Power Consumption: Who is the king?

Intel promised us better performance per watt, lower energy consumed per instruction, and an overall serious reduction in power consumption with Conroe and its Core 2 line of processors. Compared to its NetBurst predecessors, the Core 2 lineup consumes significantly lower power - but what about compared to AMD?

This is one area that AMD is not standing still in, and just days before Intel's launch AMD managed to get us a couple of its long awaited Energy Efficient Athlon 64 X2 processors that are manufactured to target much lower TDPs than its other X2 processors. AMD sent us its Athlon 64 X2 4600+ Energy Efficient processor which carries a 65W TDP compared to 89W for the regular 4600+. The more interesting CPU is its Athlon 64 X2 3800+ Energy Efficient Small Form Factor CPU, which features an extremely low 35W rating. We've also included the 89W Athlon 64 X2s in this comparison, as well as the 125W Athlon 64 FX-62.

Cool 'n Quiet and EIST were enabled for AMD and Intel platforms respectively; power consumption was measured at the wall outlet. We used an ASUS M2NPV-VM for our AM2 platform and ASUS' P5W DH Deluxe for our Core 2 platform, but remember that power consumption will be higher with a SLI chipset on either platform. We used a single GeForce 7900 GTX, but since our power consumption tests were all done at the Windows desktop 3D performance/power consumption never came into play.

We took two power measurements: peak at idle and peak under load while performing our Windows Media Encoder 9 test.

System Level Power Consumption at Idle

Taking into consideration the fact that we were unable to compare two more similar chipsets (we will take a look back at that once retail Intel nForce 5 products hit the shelves), these power numbers heavily favor Intel. The releative power savings over the Extreme Edition 965 show just how big the jump is, and the ~15% idle power advantage our lower power AMD motherboard has over the Intel solution isn't a huge issue, especially when considering the performance advantage for the realtively small power investment.

System Level Power Consumption under Full Load

When looking at load power, we can very clearly see that AMD is no longer the performance per watt king. While the Energy Efficient (EE) line of X2 processors is clearly very good at dropping load power (especially in the case of the 3800+), not even these chips can compete with the efficiency of the Core 2 line while encoding with WME9. The bottom line is that Intel just gets it done faster while pulling fewer watts (e.g. Performance/Watt on the X6800 is 0.3575 vs. 0.2757 on the X2 3800+ EE SFF).

In fact, in a complete turn around from what we've seen in the past, the highest end Core 2 processor is actually the most efficient (performance per Watt) processor in the lineup for WME9. This time, those who take the plunge on a high priced processor will not be stuck with brute force and a huge electric bill.

FSB Bottlenecks: Is 1333MHz Necessary? Application Performance using SYSMark 2004 SE
POST A COMMENT

200 Comments

View All Comments

  • code255 - Friday, July 14, 2006 - link

    Thanks a lot for the Rise of Legends benchmark! I play the game, and I was really interested in seeing how different CPUs perform in it.

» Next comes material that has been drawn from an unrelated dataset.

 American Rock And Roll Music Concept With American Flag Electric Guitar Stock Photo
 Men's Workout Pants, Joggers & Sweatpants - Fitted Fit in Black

    And GAWD DAMN the Core 2 totally owns in RoL, and that's only in a timedemo playback environment. Imagine how much better it'll be over AMD in single-player games where lots of AI calculations need to be done, and when the settings are at max; the high-quality physics settings are very CPU intensive...

    I've so gotta get a Core 2 when they come out!
    Reply
  • Locutus465 - Friday, July 14, 2006 - link

    It's good to see intel is back. Now hopefully we'll be seeing some real innovation in the CPU market again. I wonder what the picture is going to look like in a couple years when I'm ready to upgrade again! Reply
  • Spoonbender - Friday, July 14, 2006 - link

    First, isn't it misleading to say "memory latency" is better than on AMD systems?
    What happens is that the actual latency for *memory* access is still (more or less) the same. But the huge cache + misc. clever tricks means you don't have to go all the way to memory as often.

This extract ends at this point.